Personal information
- Full name: Glenarvon Huntley Armstrong
- Born: 17 November 1969 (age 56) Hobart, Tasmania, Australia
- Batting: Right-handed
- Bowling: Right-arm off-spin
- Role: Middle-order batsman

Domestic team information
- 1990/91–1992/93: South Australia

Career statistics
| Competition | First-class | List A |
| Matches | 3 | 2 |
| Runs scored | 21 | 23 |
| Batting average | 4.20 | 11.50 |
| 100s/50s | 0/0 | 0/0 |
| Top score | 6 | 21 |
| Catches/stumpings | 1/– | 0/– |
- Source: CricketArchive, 6 April 2016

= Huntley Armstrong =

Australian cricketer (born 1969)

Glenarvon Huntley Armstrong (born 17 November 1969) is a former Australian cricketer who represented South Australia in Australian domestic cricket.
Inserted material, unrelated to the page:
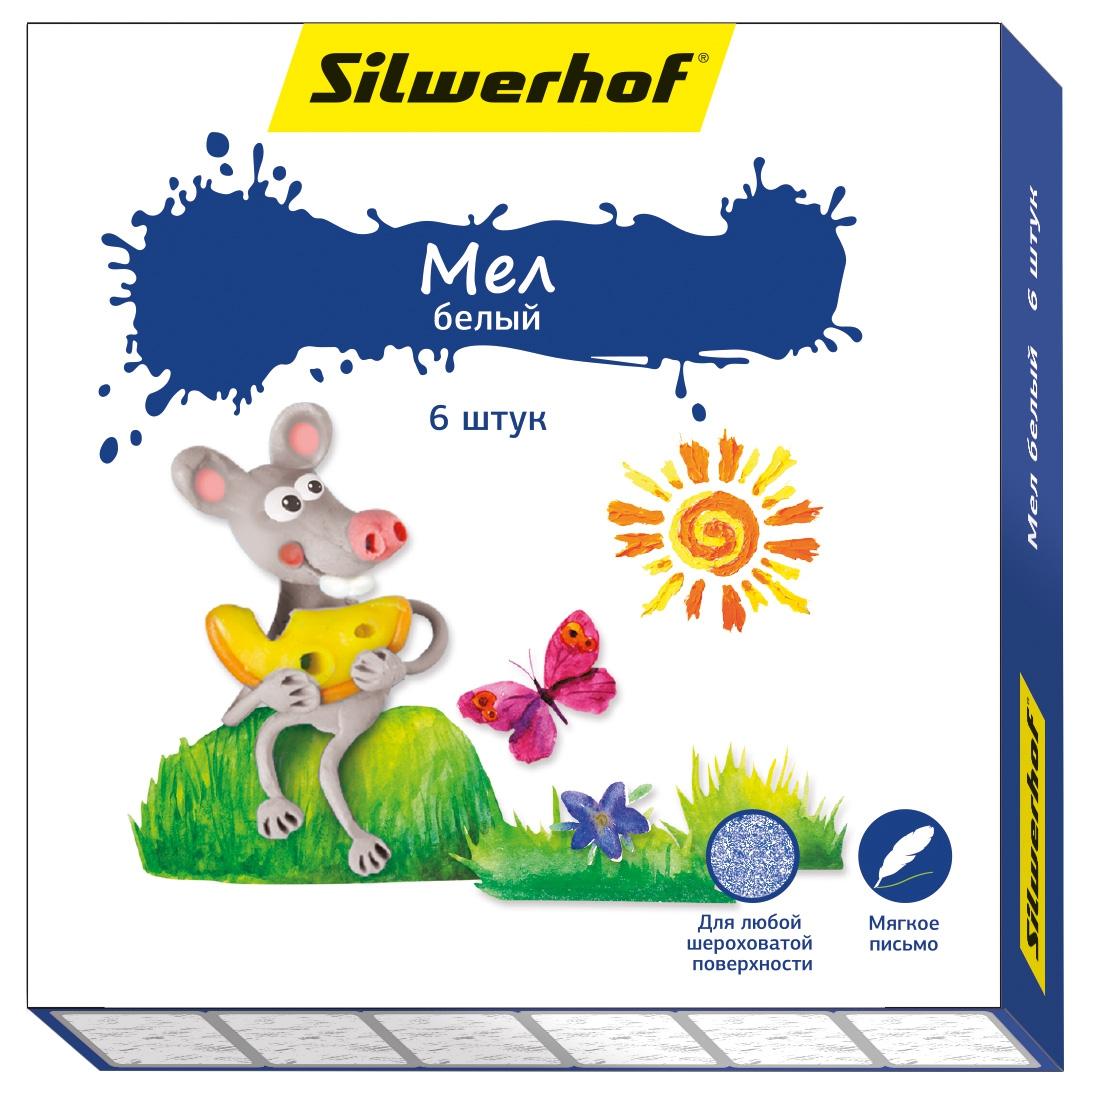 Мел Silwerhof белый Пластилиновая коллекция 6 шт. настольная игра dream makers кто я 1311h

He played as a right-handed middle-order batsman.

Armstrong was born in Hobart, Tasmania, but began his senior cricket career in Canberra (playing for the ACT cricket team), and eventually ended up in South Australia. At the 1988 Youth World Cup, he represented the Australian under-19s in all nine of their matches, including the final. Armstrong made his first-class debut for South Australia in January 1991, in a Sheffield Shield game against Victoria at the Junction Oval. Over the following two seasons, he made an additional four appearances, playing two Sheffield Shield fixtures against Western Australia and Mercantile Mutual Cup matches against Western Australia and Tasmania.